- **What needs to be done**
Every line from the one holding "Warby Parker Aniyah" through the one holding "Fans anxiously await" in the data below must be returned exactly, both ends included, with pictures left out and nothing else added.

- **Listed records**
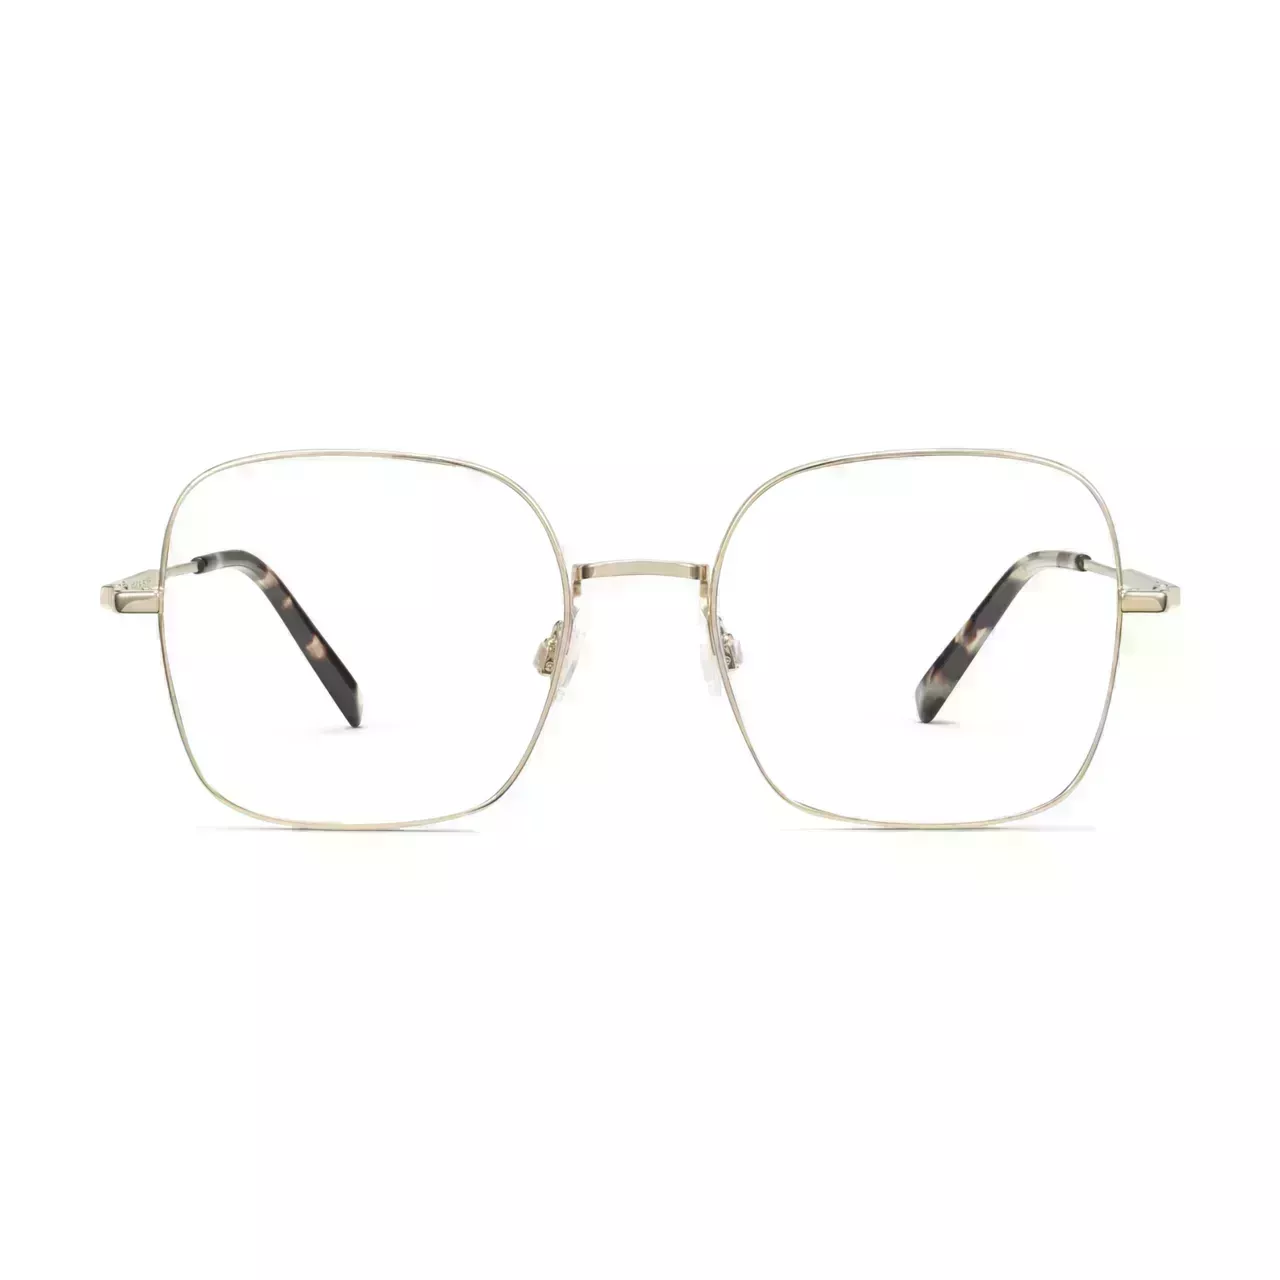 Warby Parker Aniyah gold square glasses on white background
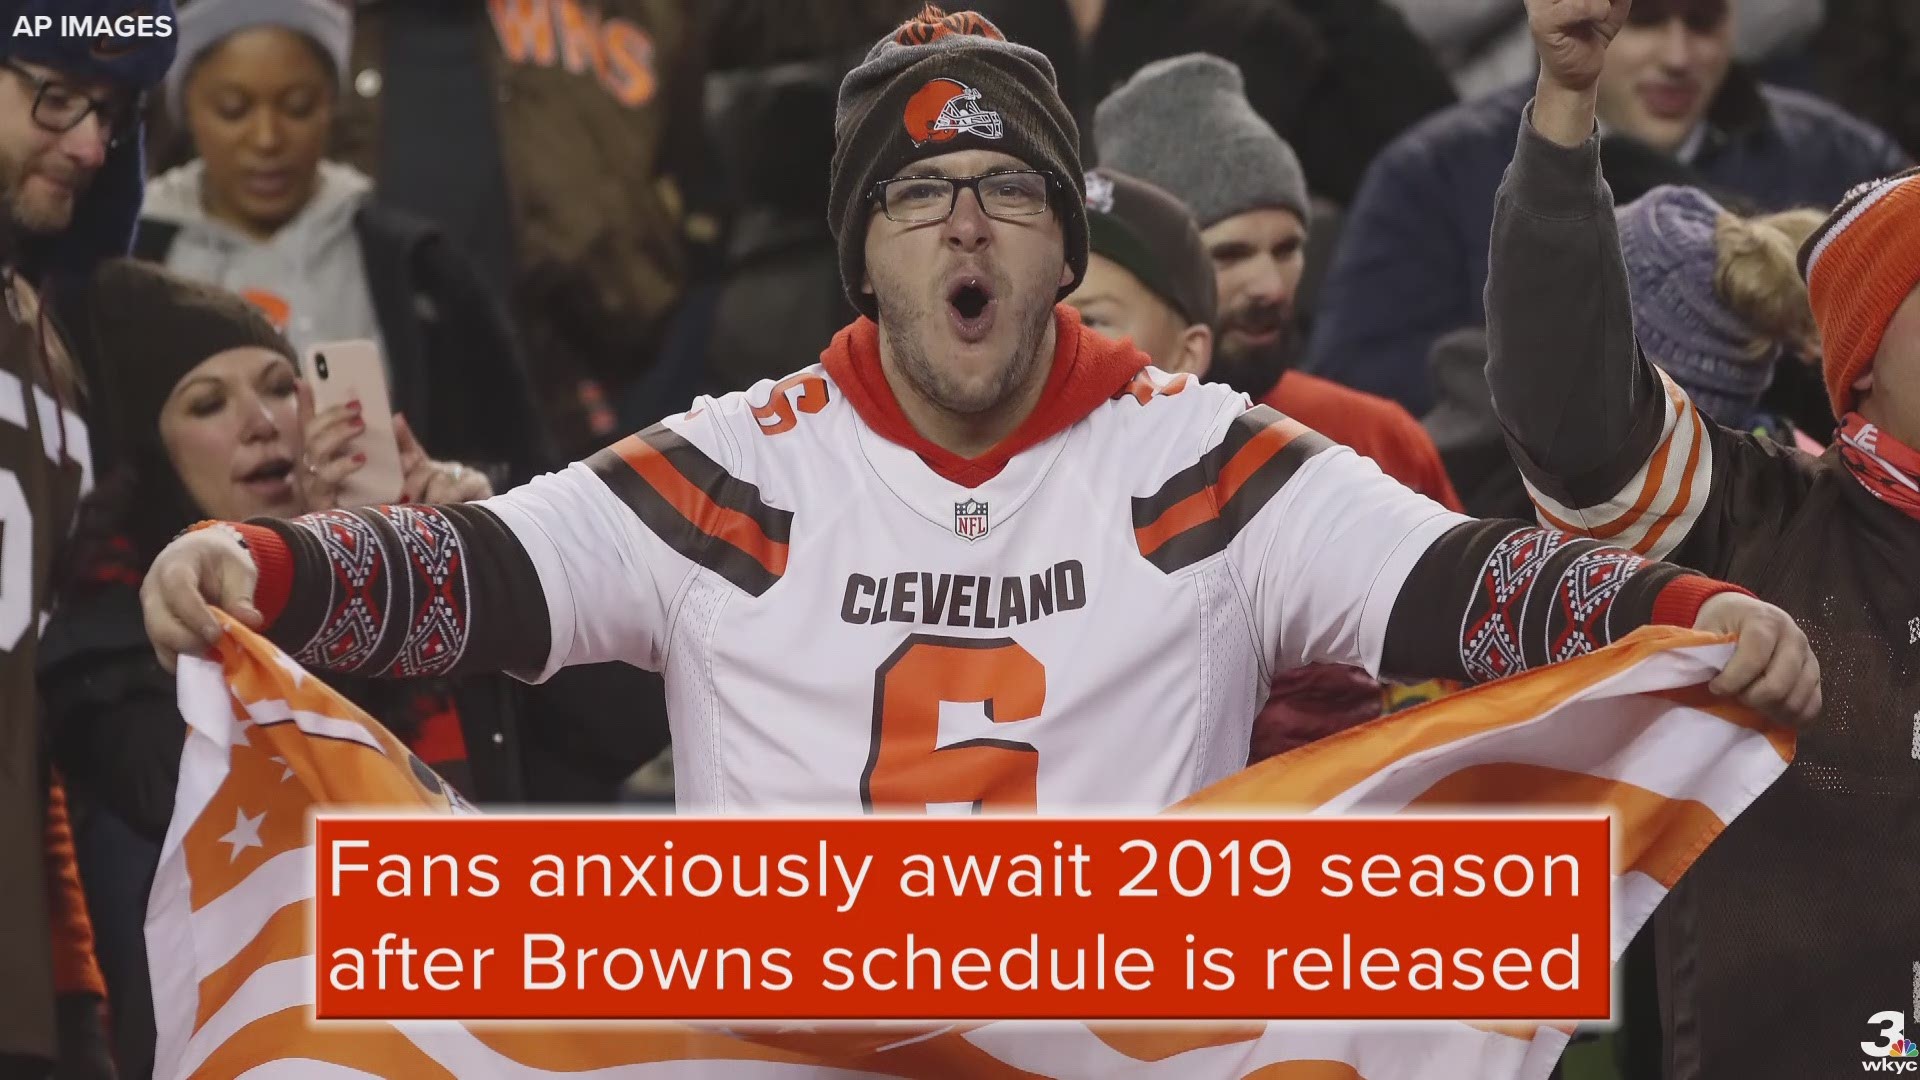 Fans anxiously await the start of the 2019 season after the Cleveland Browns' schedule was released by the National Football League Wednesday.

--

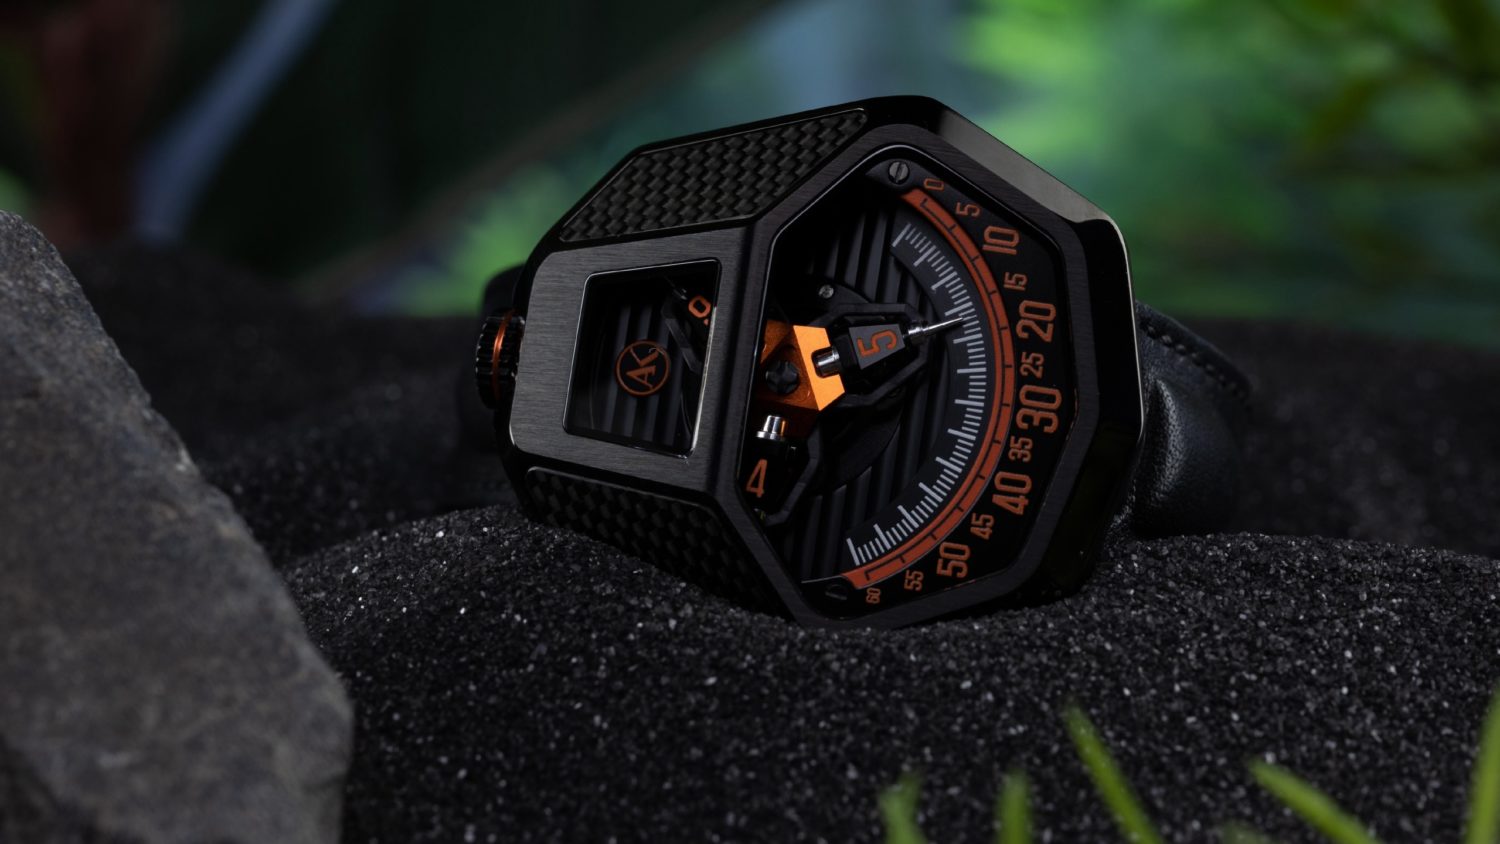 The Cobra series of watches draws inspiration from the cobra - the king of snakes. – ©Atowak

- **Output of the task**
 Warby Parker Aniyah gold square glasses on white background
 Fans anxiously await the start of the 2019 season after the Cleveland Browns' schedule was released by the National Football League Wednesday.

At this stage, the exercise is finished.